Tras el fracaso del intento de golpe de Estado, desmontado en pocas horas, fuimos comprobando cómo, inmediatamente después de que Erdogan retomara las riendas del poder, se empezaba a escenificar esa venganza indiscriminada que continúa aún: 2.839 militares y 2.745 jueces y fiscales fueron detenidos el día después del fallido golpe. Periodistas, diputados del Partido Democrático de Los Pueblos (HDP) e, incluso recientemente, todos los miembros de la conocida banda musical Grup Yorum han sido arrestados acusados de pertenencia a organización terrorista.

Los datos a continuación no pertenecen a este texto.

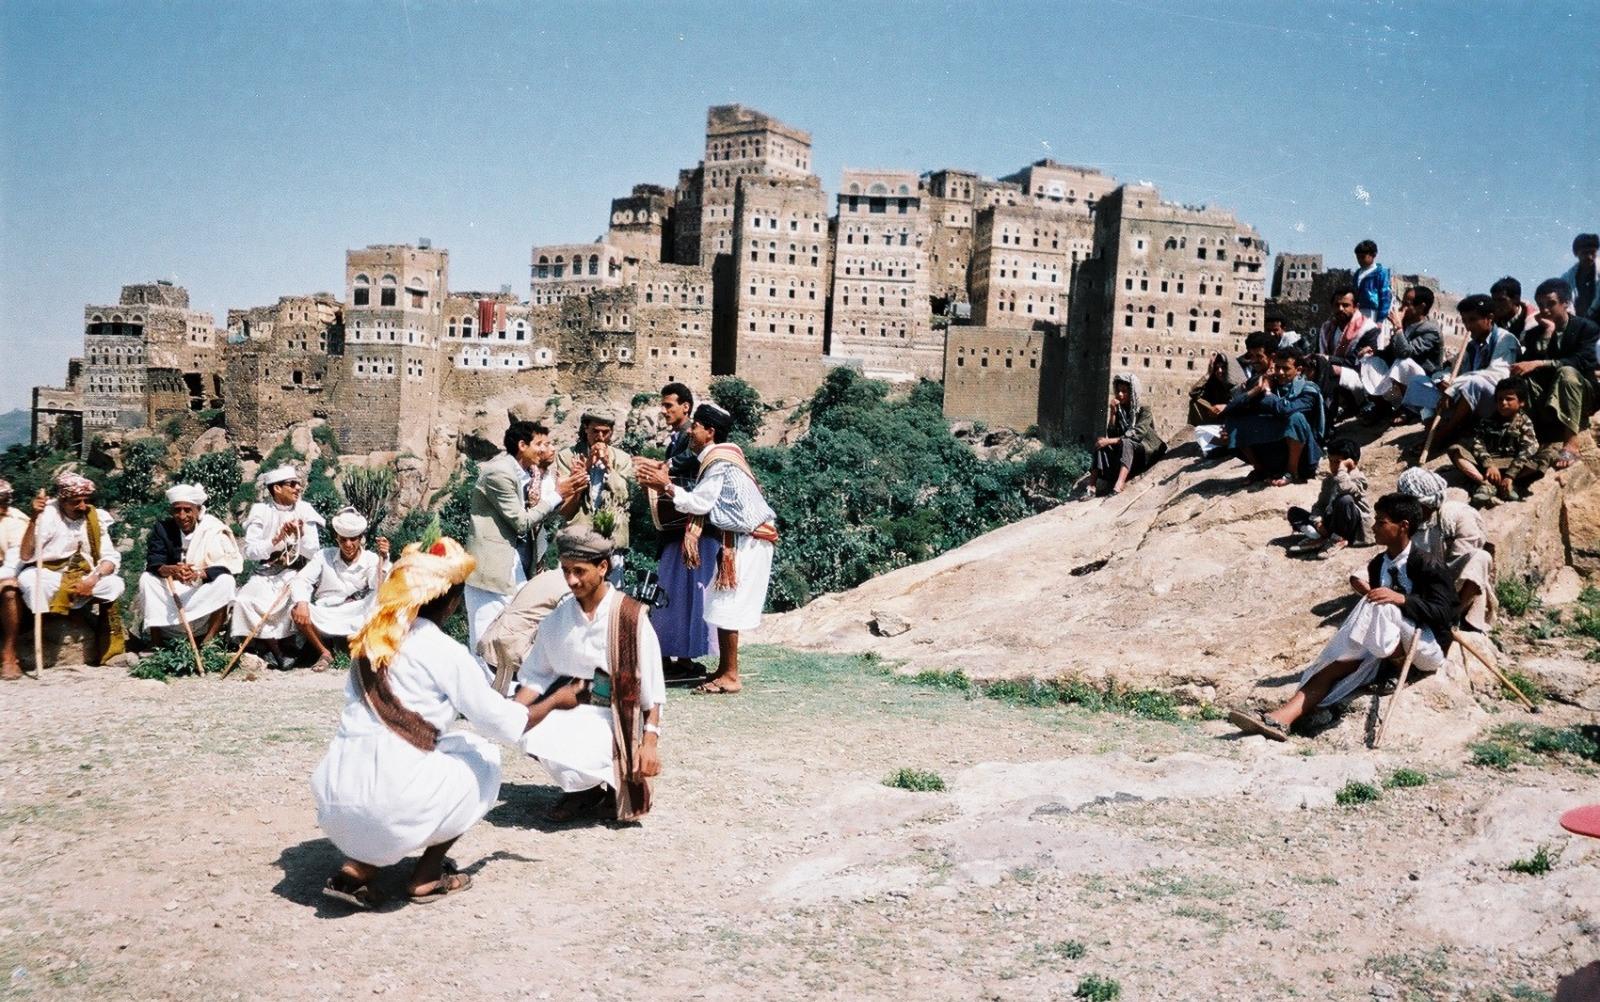 الدولة - المدينة تعرفان بـ"ملاطف": الانتفاخ الهوياتي مهلكة اليمنيين
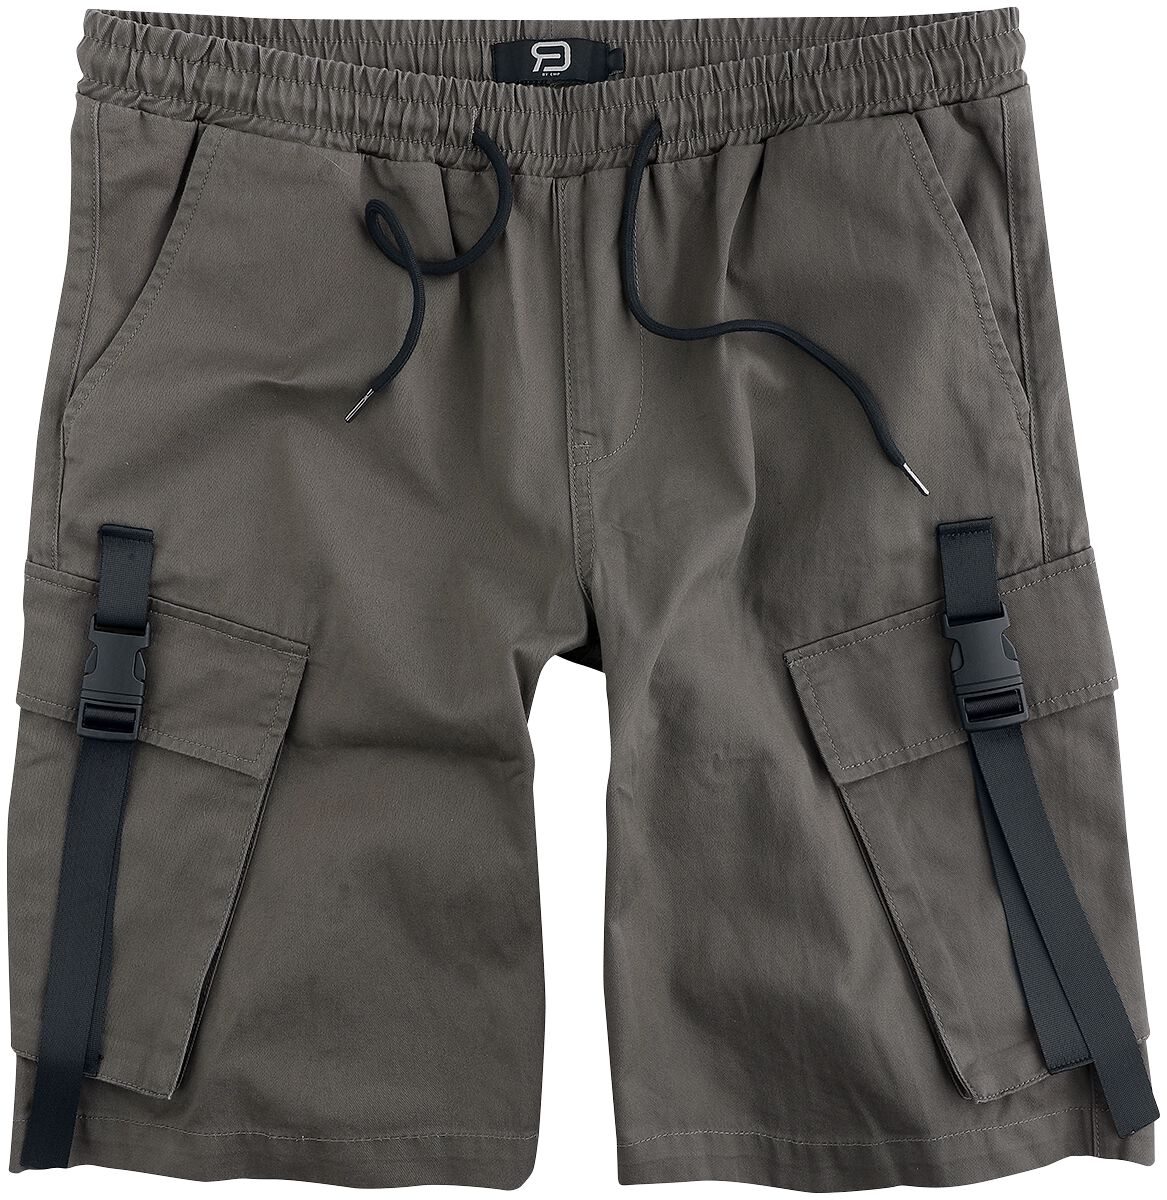 Short für Männer  khaki Shorts With Side Pockets and Strap Details von RED by EMP

Además de las detenciones, Erdogan tomó nuevamente el bastón de mando con mayor solidez y autoridad.  Las desproporcionadas medidas represivas tomadas tras el 15J incluyen la reinstauración de la pena de muerte y permitir que los violadores eludan entrar en prisión si se casan con la víctima, entre otras. Medidas que debe aprobar el Parlamento en último término, pero que, dado el ambiente represivo que se vive hoy en Turquía, no cuesta entender que acabarán aprobándose si Erdogan insiste en que así sea. Las tímidas y patéticas protestas de la Comisión y de la Presidencia del Parlamento europeo ante la detención de los diputados del HDP lo dice todo: ya no controlamos a nuestro son of a bitch. Mientras tanto, desde noviembre Erdogan continúa impidiendo el acceso a Internet y a las redes sociales en buena parte del país.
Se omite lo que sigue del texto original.